— Recorded information —
----------
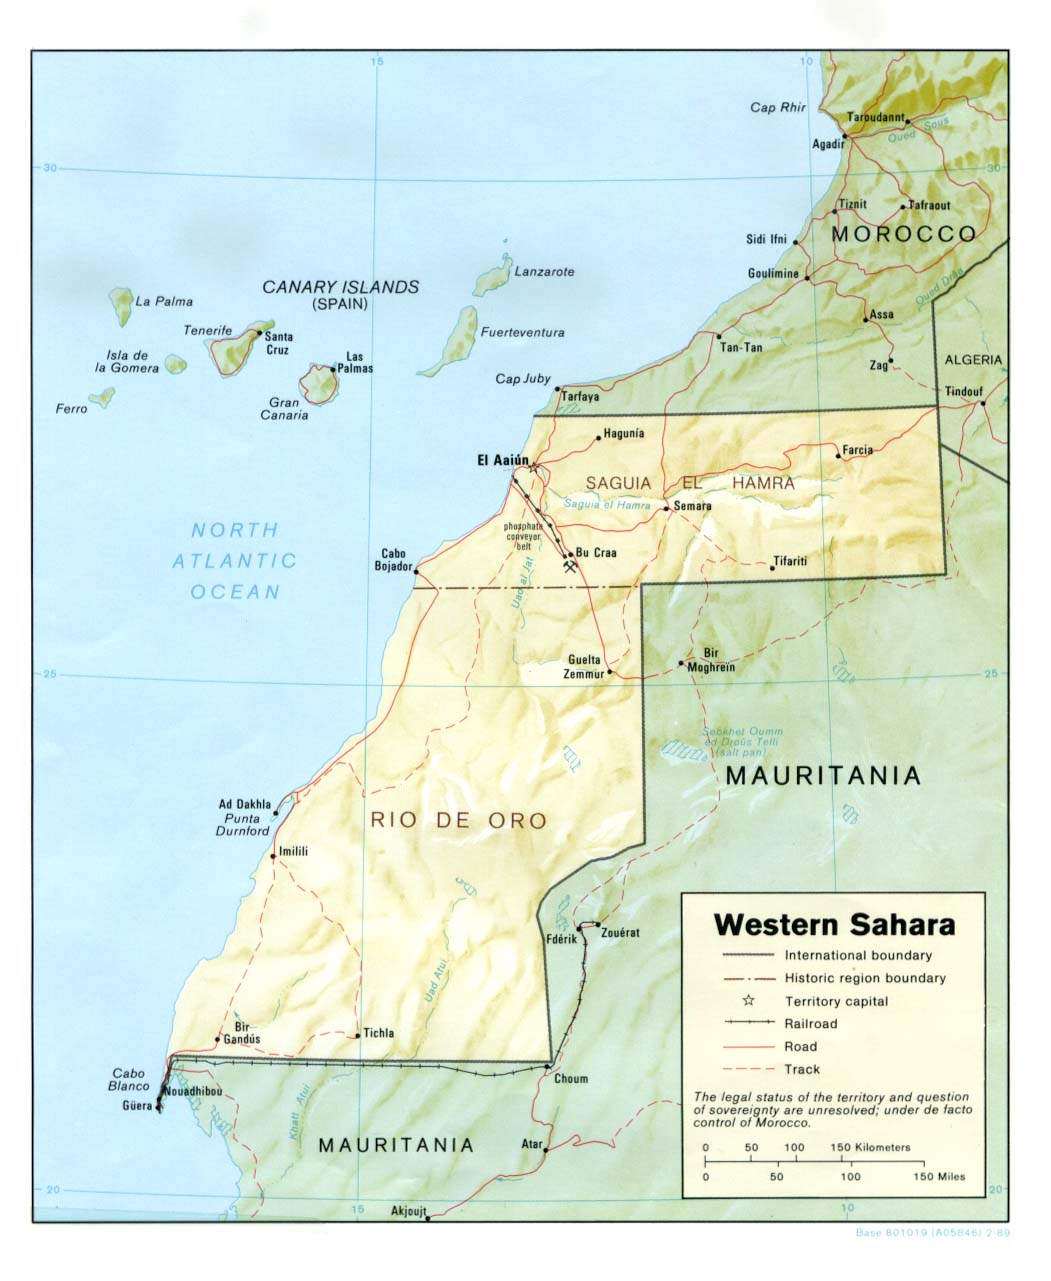 sahara-occidental-relief-carte-populationdata
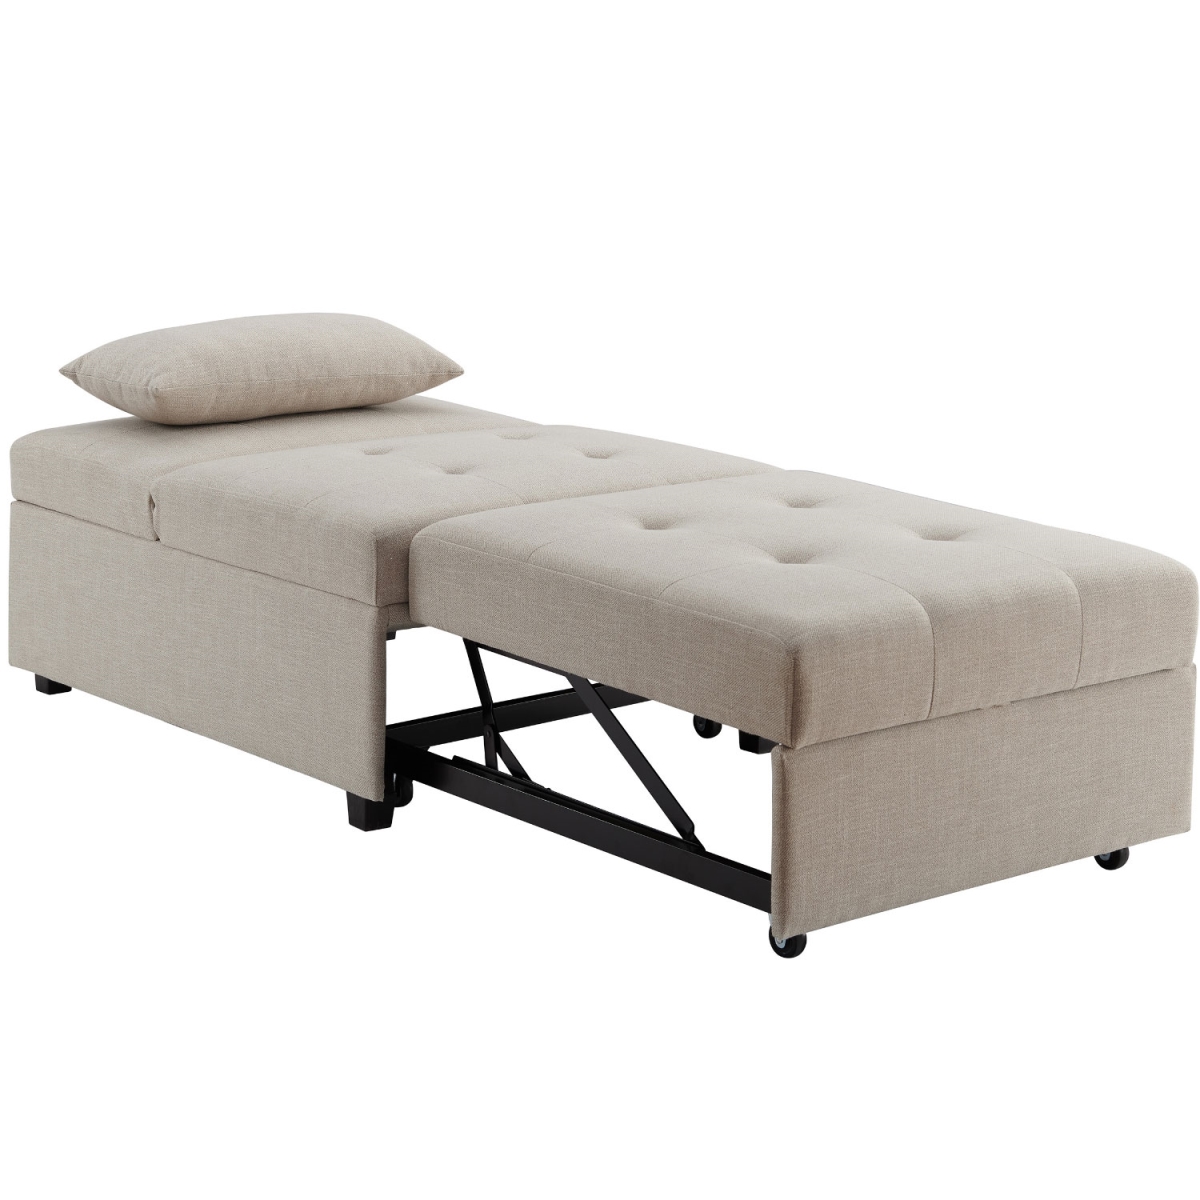 D1099s17c Boone Sofa Bed, Cream Twill
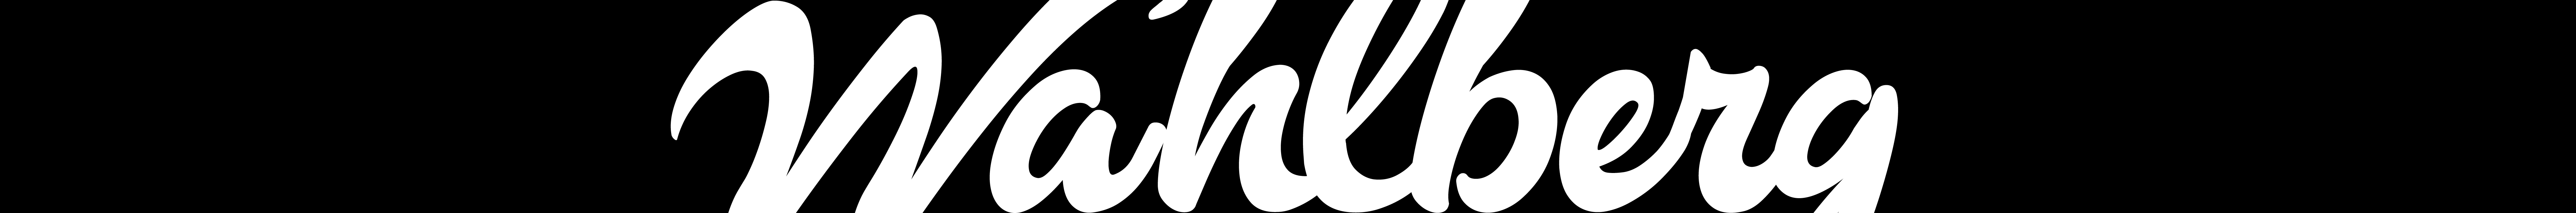 Profil-Banner von Niklas Wahlberg
----------
— The task —
Your task is to repeat the material above exactly, without its pictures.

— Written solution —
 sahara-occidental-relief-carte-populationdata
 D1099s17c Boone Sofa Bed, Cream Twill
 Profil-Banner von Niklas Wahlberg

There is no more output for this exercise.